Reaction to Disappointment.

Today should be a very good day for me and for the most part was.  Out of the three children in my house that competed in local science fairs, two won their local fairs and competed in the State Regional Science Fair today.  This was my birth daughter’s second consecutive year to compete in the regional and she won the physics division this year for her age group.  She was so excited and still has not removed the gold medal from around her neck.  It is good to see her determination to do better pay off after not placing at all at the divisional fair last year. 

 Which is a stark contrast to how the young man with us reacted to the disappointment of losing today. 

For the last three weeks he has been so excited about winning his local 3rd grade fair and competing at the regional fair.  And though he does have some behavioral issues he was really well behaved, up to the end of the awards presentation.  After not winning any awards, he became very disappointed and rather than resolve to work harder and do better next year, he began to explain how miserable he was all day today and the only fun was being able to play gameboy while everyone else was in school.  When asked what thoughts he had about today, he said he pretty much hated the whole day, and next year he was thinking up his own project.

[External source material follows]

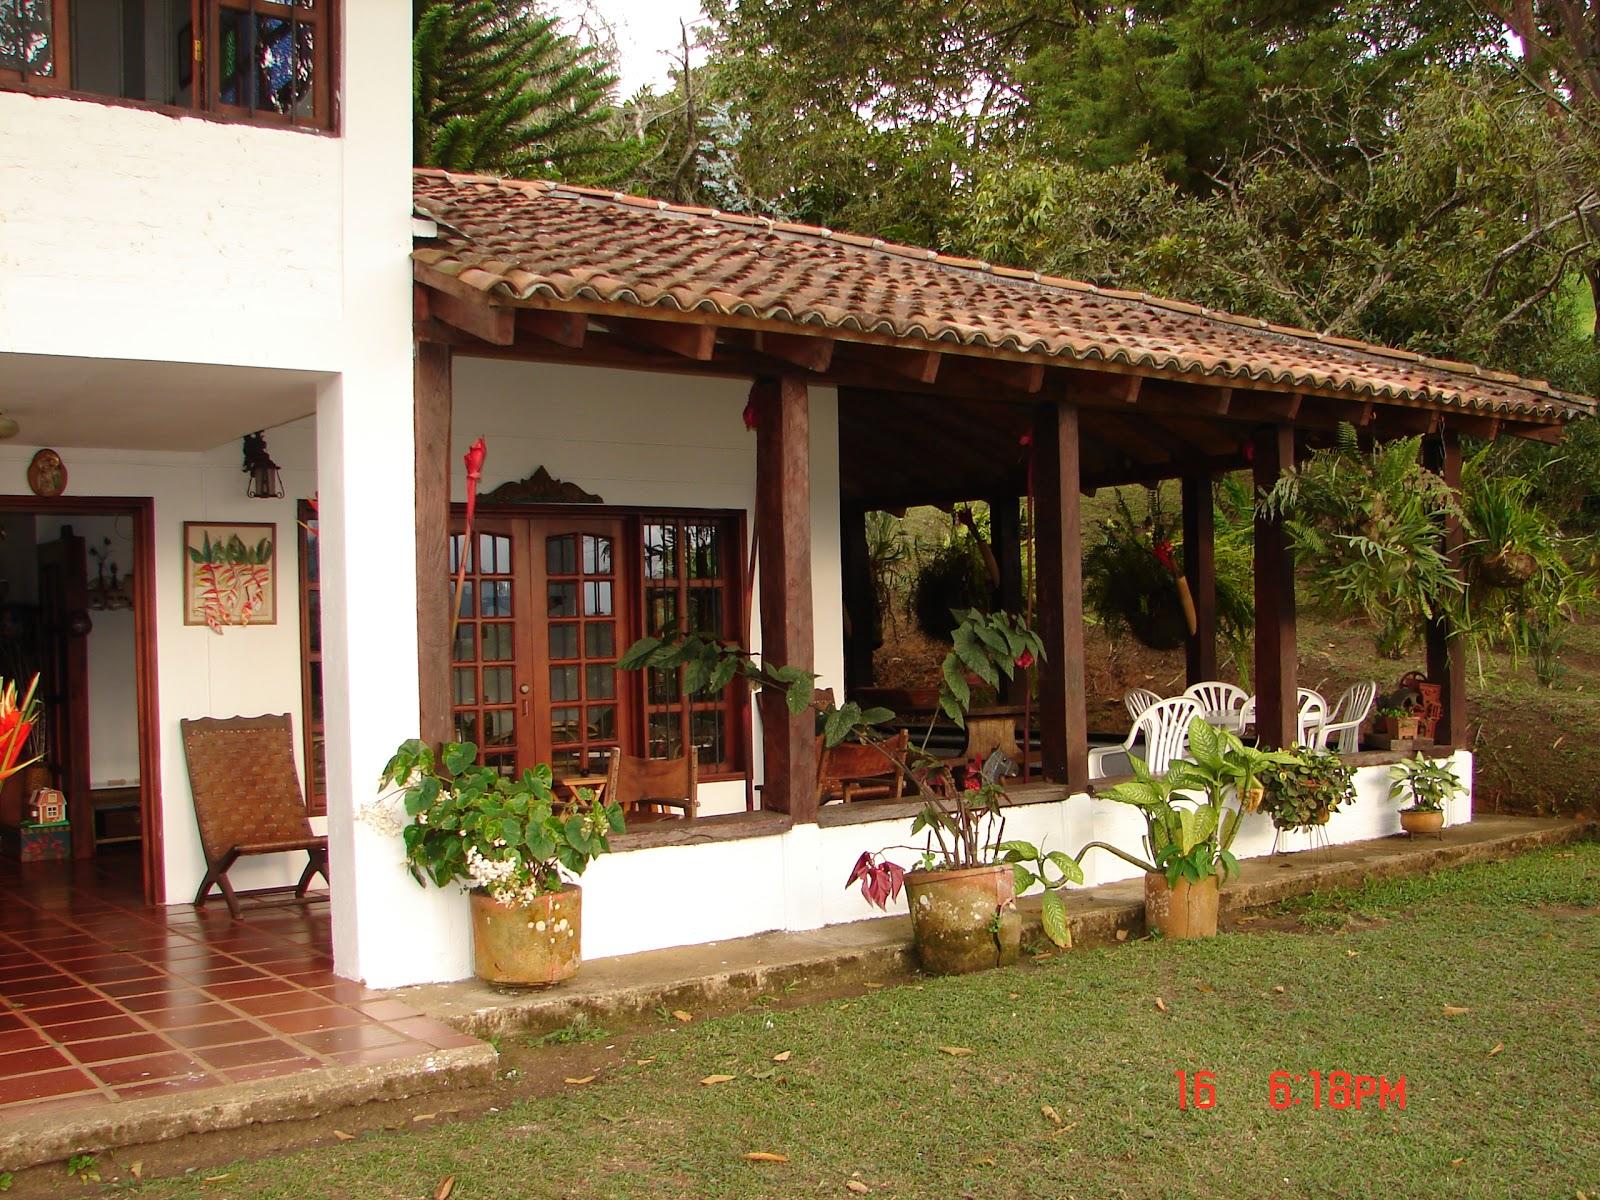 Casas campestres casas campestres 2 for Disenos de chalets rusticos

He has only lived with us for a year, comes from a very troubled family situation and is a victim of incarcerated parents, so I am not real surprised at his reaction to disappointment.  I think what will make a difference for him will be how I react to his reaction of disappointment.  Should he still be with us next year (he could go back to his birth mother this summer, once she completes her transition) I could just blow him off and work with one of the numerous other children on campus with their projects.  (I am not a super genius or anything but I am very creative, mechanical and handy so all the kids come to me for help with things like science fair projects, pinewood derby cars, shop projects, etc.  I am extremely limited on time so the majority of the help I provide is consultation services.  There are very few I am able to help directly and they are mostly the ones that live with me in my house though all the children on campus want it.)

Or I can continue to encourage him and let him know I am not disappointed in the outcome of the fair.  My response to his thinking up his own project was, “That’s fine, if you come up with a project idea, I will be happy to help you where I can.”  In the mean time I will help him think of ways he can improve the project he did this year, which he picked out by the way, so that he can expand on it and do better next year.  I will reinforce that I am proud of his effort and encourage him to keep trying.

Hopefully next year he will win, but if he doesn’t, I at least hope he will have some new skills to deal with disappointment.